One of the largest palatial structure in the world, The Forbidden City is definitely a reflection to China’s past grandeur once home to Ming and Qing dynastic Emperors since it’s first creation in the 15th century. The former Imperial city today the palace Museum epitomizes the supremacy of imperial power – a city within a city with secular and military architecture covering 74 hectares of land surrounded by more than 50 metres wide moat encompassing some majestic halls, entrance gates and royal pavilions. Like many great dynastic lineages that of the Forbidden City somewhat reminds me of the great Ottoman empire and the creation of the fabulous Topkapi palace in Istanbul. It might not be as gigantic as that of the Forbidden City, but political intrigues and stories of the inner chambers relating to eunuchs, princes and princesses are as impressive. One of the stories I enjoyed reading about Topkapi and the Ottoman splendours is perhaps that of Noel Barber’s historic novel “Lords of the golden Horn”. Rebellion, conspiracy and assassinations are part of life within the palace wall of the Forbidden City, from its founding till the last rulers. One story tell of the last Ming emperor Chongzhen who hanged himself on Jingshan Hill the imperial garden following the capture of the city by Li Zicheng, leader of the pheasant rebels. Another story which has been often fictionalized in novels is that of the rise of the royal concubine Cixi to the height of becoming the Empress Dowager, the Opium wars, the Taiping rebellion and the Boxers or the sad story of the “royal prisoner” Pu Yi the last Qing emperor who abdicated in 1922. The palace grounds is spacious and walking around the city do give you that feeling of magnificence with long walks from one pavilion to another. The pavilions are elegantly designed and so is the overall structure of the palatial complex requiring hundreds of craftsmen to build the city, laying the grounds for palatial constructions each conveys to its particular imperial symbolism based on numerology and traditional colours ranging from black, red, yellow, green and white.

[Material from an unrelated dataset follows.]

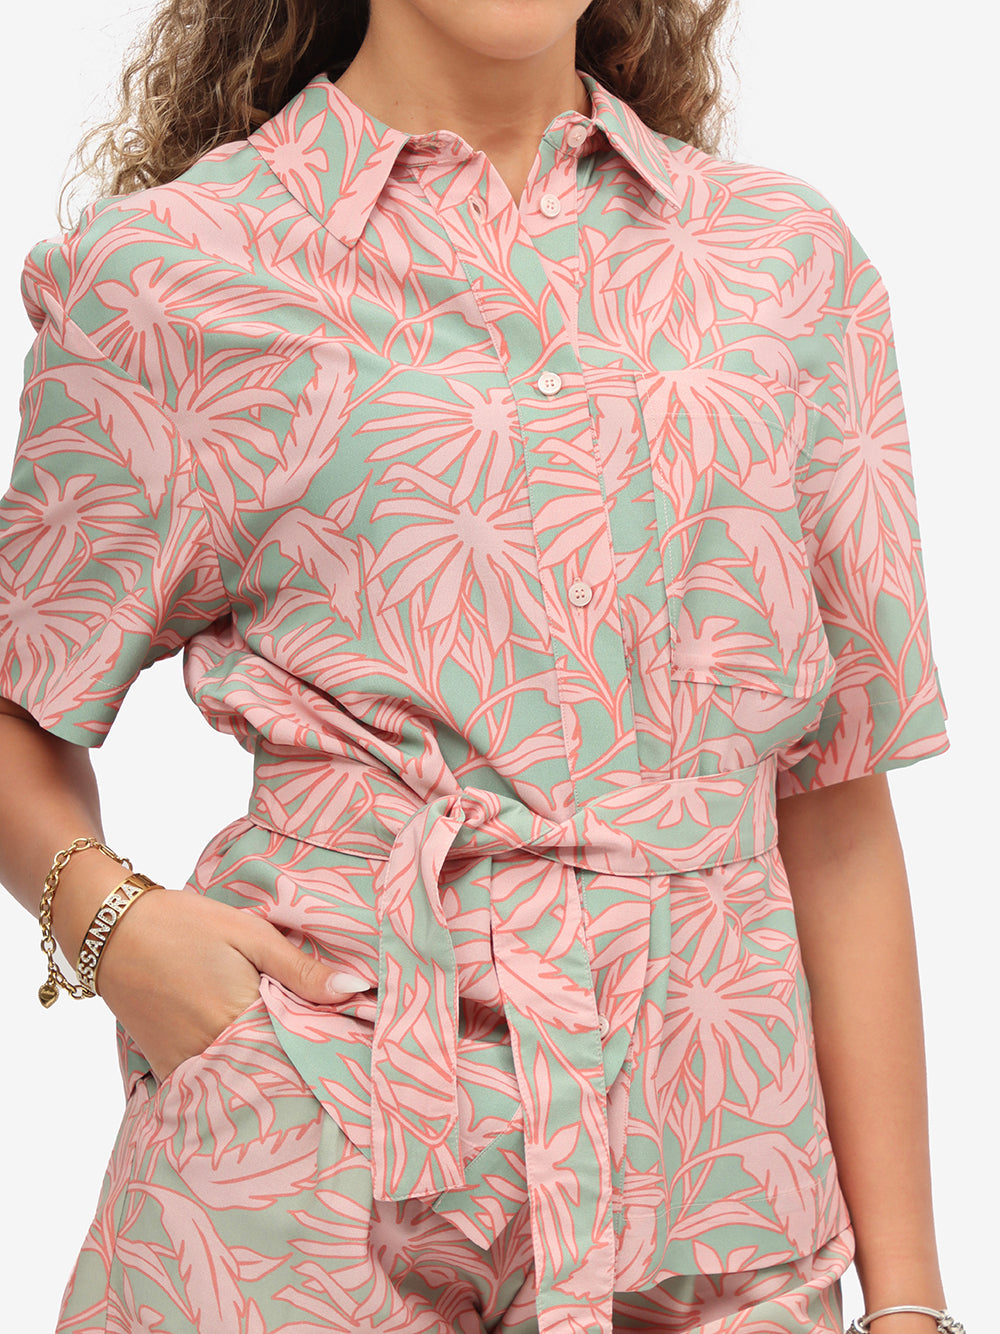 Woolrich Camicia Donna Printed Fluid-Coral Sand Flower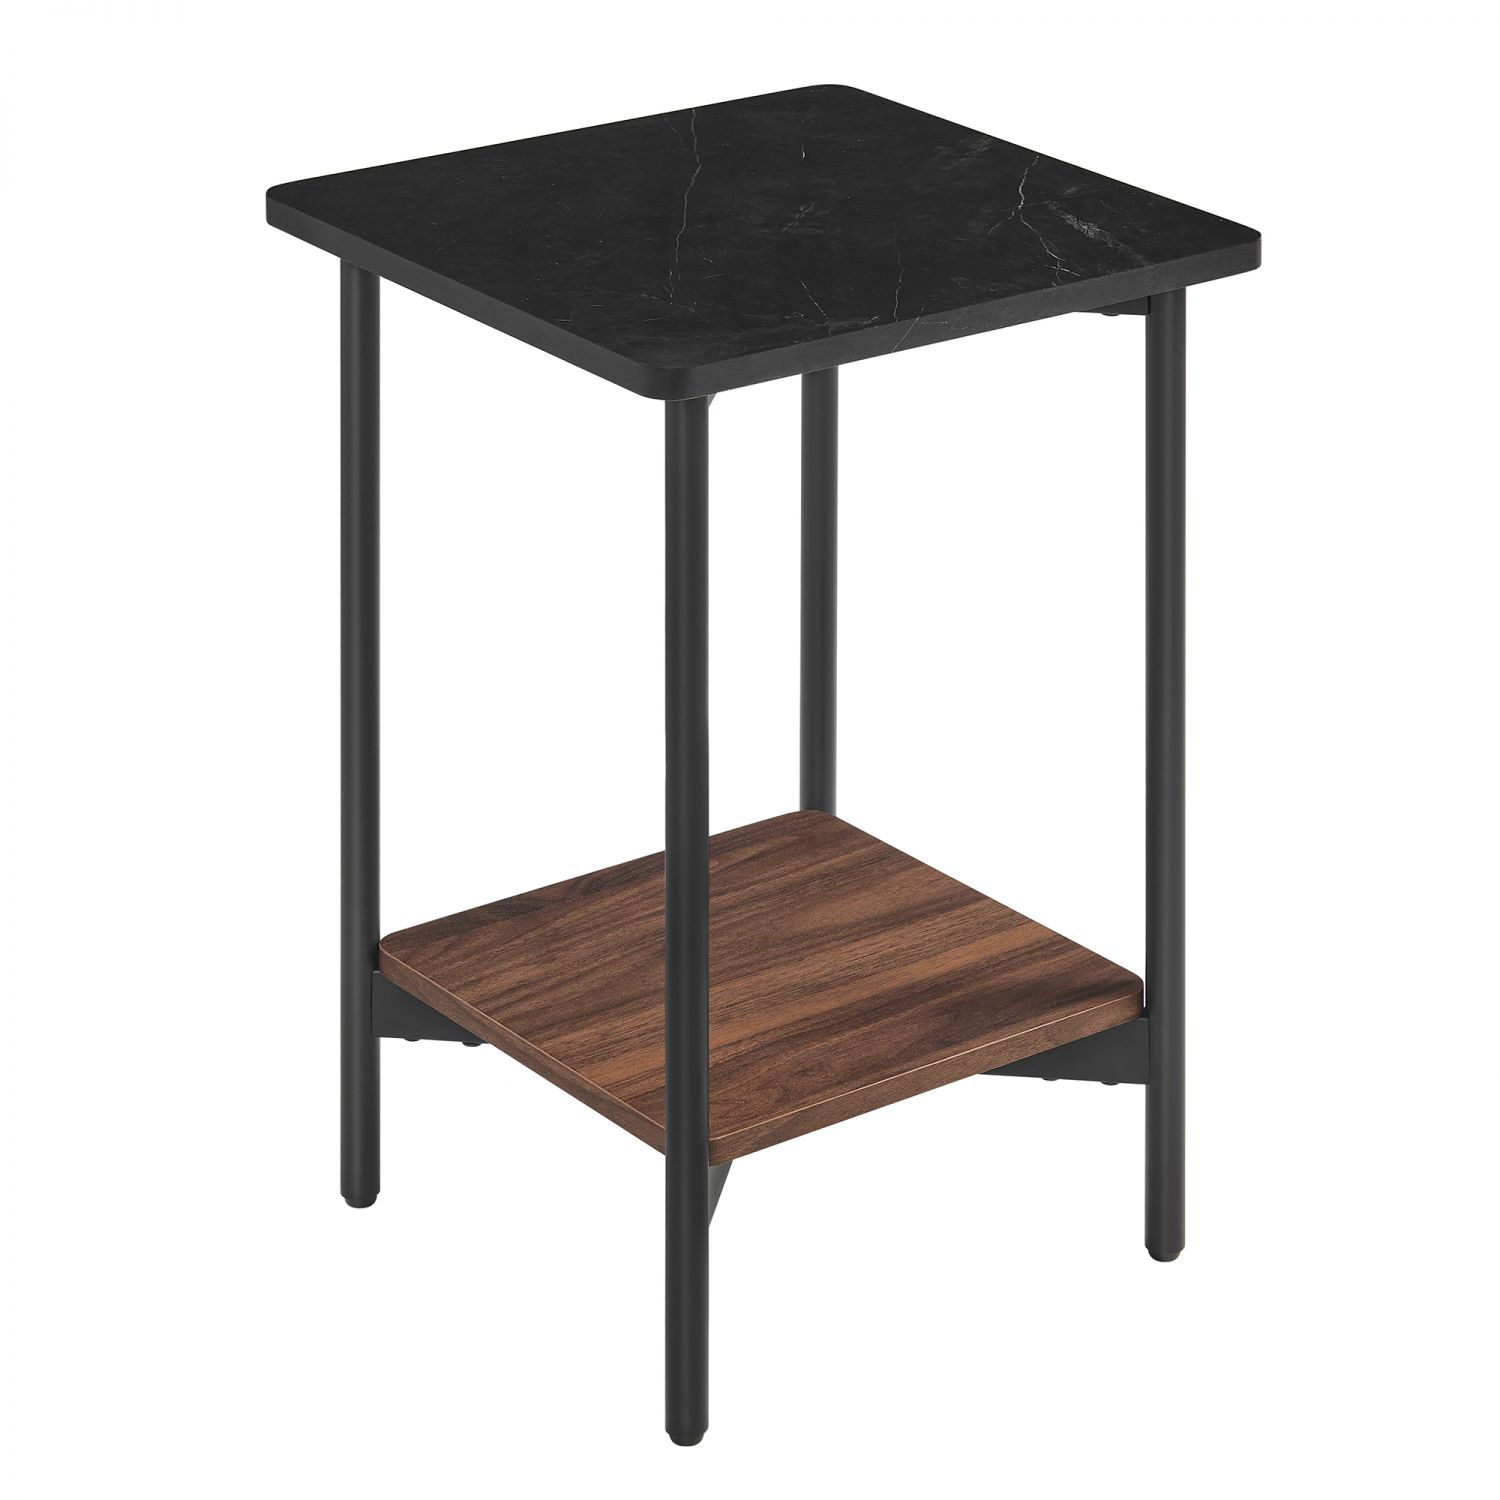  VASAGLE Side Table, Small End Table, Tall Nightstand for Living  Room, Bedroom, Office, Bathroom, Rustic Brown and Classic Black ULET273B01  : Home & Kitchen

The enigmatic and imposing Forbidden City
My visit continues while admiring some beautifully carved lintels decorating red gold coloured gates enhancing royal pavilions.
The Forbidden city is truly a maze of some impressive buildings and gardens – silent witnesses to the glorious past of emperors and empresses of China.
After some hours lingering within the fabulous walls of the Forbidden City, I left the palace through the famous eastern glorious gates facing Tienanmen square.